The effect of local authority funding being decimated is having a real negative effect on some of the frontline civil society organisations. On the one hand, local authorities are retreating from work by raising the bar of intervention—say in social services—and on the other cutting support to the private and third-sector operators in those areas. A young woman I met recently in one of our large northern cities works for an organisation that helps young people who are either homeless or in danger of becoming homeless. Her case workload left me staggered. It did not compare with what I had experienced during my 27 years in the Commons when qualified social workers carried out the work that she described. Social services have not even contracted out the work. They have simply raised the bar, saying that they do not do this any more, and their intervention comes only at the crisis level and then after lots of chasing up. This young woman had recently taken on supporting a very vulnerable female teenager who had run away from home several times and no one knew where she had gone. She had a drug history and was associating with much older men. For the princely sum of a pay rate that was a few pence above the minimum wage, this young woman worked over and above the call of duty in hours, support and liaison, and at levels which I know from experience qualified social workers did in the past.

This cannot be the way to pick up the pieces. As my noble friend said, it will end in tears. I fully appreciate that agencies at the centre and locally are having to make savings. I do not complain about that. I fully understand it and do not wish to be involved in a party-political dialogue about who is to blame. The fact is that that is the reality. It is obvious that the desire to replace services and shrink the state, which is certainly a central policy, is leaving gaps in areas that are difficult at the best of times. These areas were difficult when there was plenty of money. That is the point. By definition they are labour-intensive—very labour-intensive if one gets into the support of families. They are very challenging and often very sensitive. In short, they are the stuff that makes big headlines and calls for public inquiries when something goes tragically wrong in a specific case. That is the reality that we will be called to account for.

Slow growth and austerity are here for a while. I accept that. It would be ridiculous to work on any other basis. The population is ageing. More families are moving away or being moved away from social networks. These types of case will multiply. We need somehow to find a way properly to support the voluntary organisations. They are the bedrock and I am in favour of their not having as much red tape as local government.

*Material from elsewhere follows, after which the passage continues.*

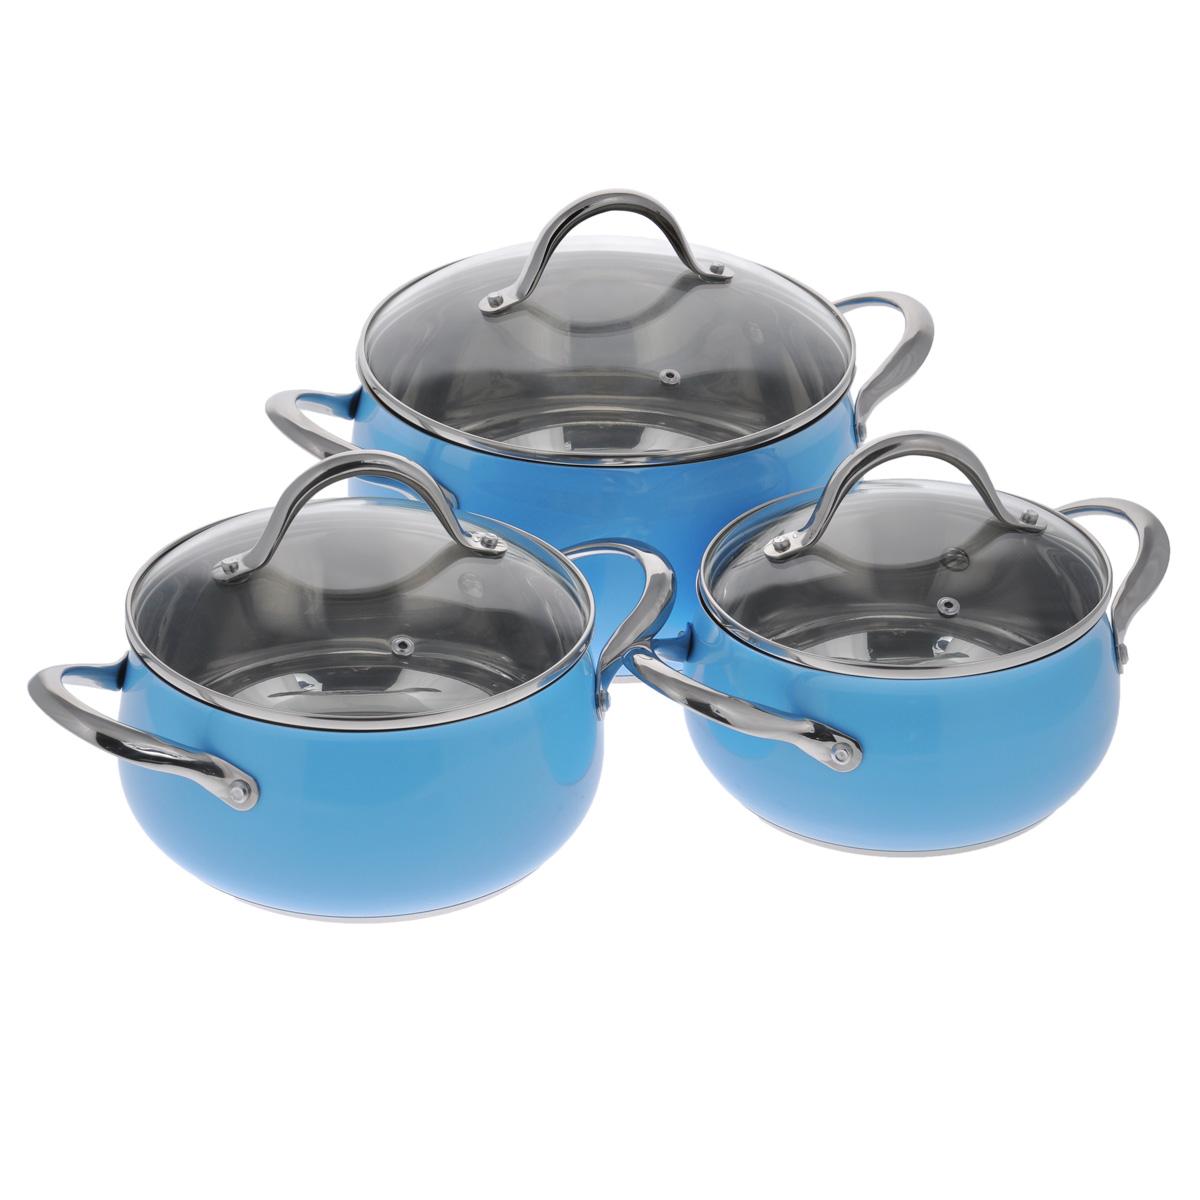 Набор посуды Winner, цвет: голубой, 6 предметов. WR-1103FS-91909В набор посуды Winner входят 3 кастрюли с крышками. Вся посуда выполнена из высококачественной нержавеющей стали 18/10, а идеально ровная внутренняя поверхность значительно облегчает мытье. Энергосберегающее, капсулированное дно быстро и равномерно распределяет тепло. Цветной корпус придает набору особо эстетичный внешний вид. Предметы набора оснащены двумя удобными ручками из нержавеющей стали. Крышки, выполненные из термостойкого стекла с ободком из нержавеющей стали и пароотводом, позволят вам следить за процессом приготовления пищи. Крышки плотно прилегают к краям посуды, предотвращая проливание жидкости и сохраняя аромат блюд.Подходит для газовых, электрических, стеклокерамических и индукционных плит. Можно мыть в посудомоечной машине.Набор посуды Winner - идеальный подарок для современных хозяек, которые следят за своим здоровьем и здоровьем своей семьи. Эргономичный дизайн и функциональность набора позволят вам наслаждаться процессом приготовления любимых, полезных для здоровья блюд. Объем кастрюль: 2,5 л; 3,2 л; 5,6 л. Внешний диаметр: 19 см; 21 см; 25 см. Внутренний диаметр: 18 см; 20 см; 24 см. Ширина кастрюль с учетом ручек: 29 см; 31 см; 35,5 см.Диаметр крышек: 18,5 см; 20,5 см; 24,5 см.Высота стенок: 10,1 см; 10,8 см; 12,9 см.Толщина стенки: 0,7 мм.Толщина дна: 4 мм.Диаметр дна: 16,5 см; 18 см; 22,5 см.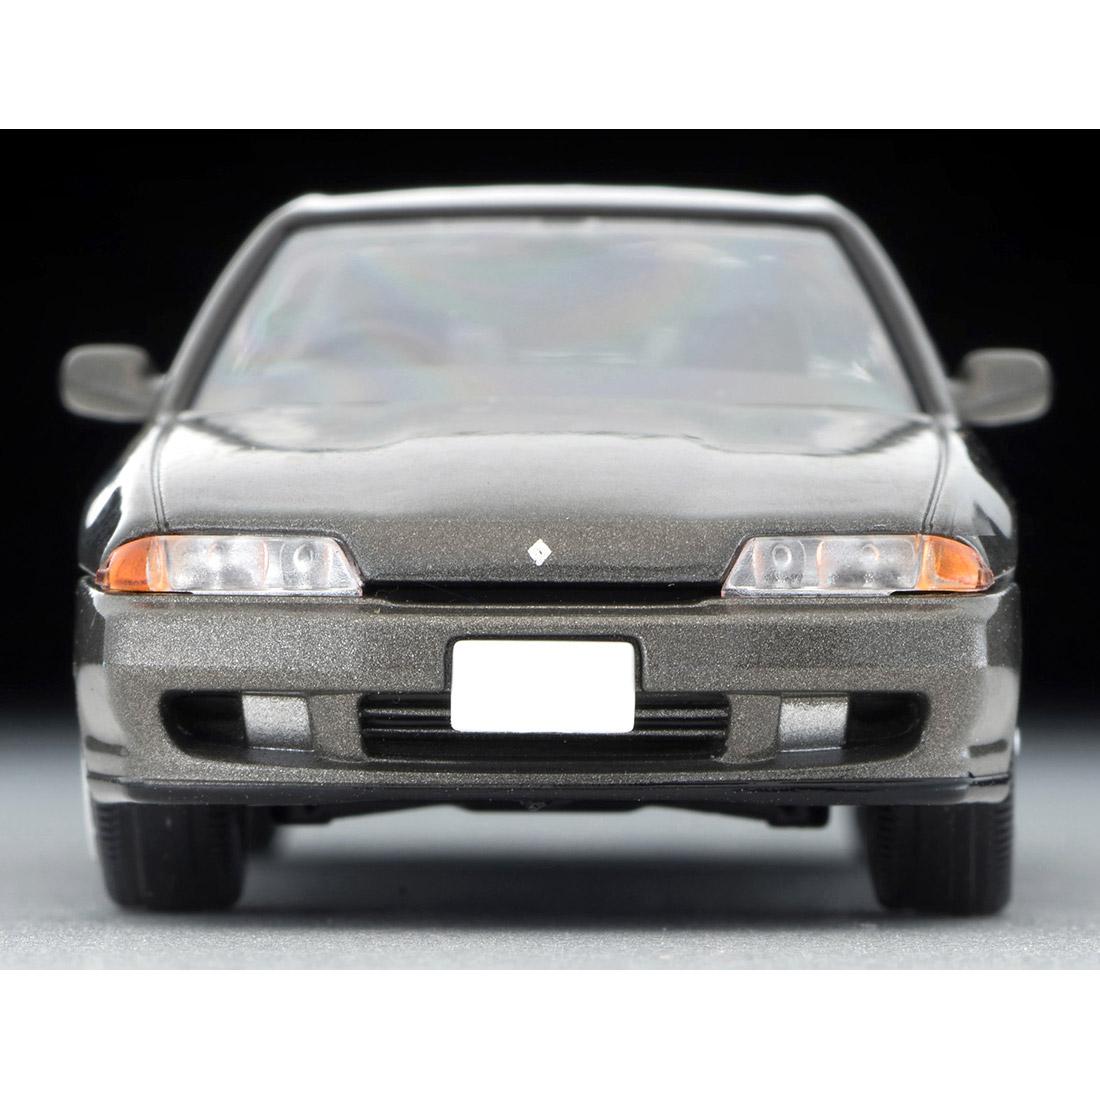 トミカリミテッドヴィンテージ ネオ『LV-N194a 日産スカイライン GTS25 タイプX・G (グレー)』ミニカー-004

We need to do this not only with grants—finance is one area—but also with better routes into and support by the existing, remaining public services that can no longer fill their traditional roles. We have to accept that traditional roles are not being fulfilled by the statutory services, but they remain there with expertise infrastructure. We must find a way of enabling the voluntary sector, which is providing these services, to link in. We do not have that at present. It will end in tears if things simply carry on as they are at the moment. This is not all a call for more money. There has to be a better way of operating in the civil society.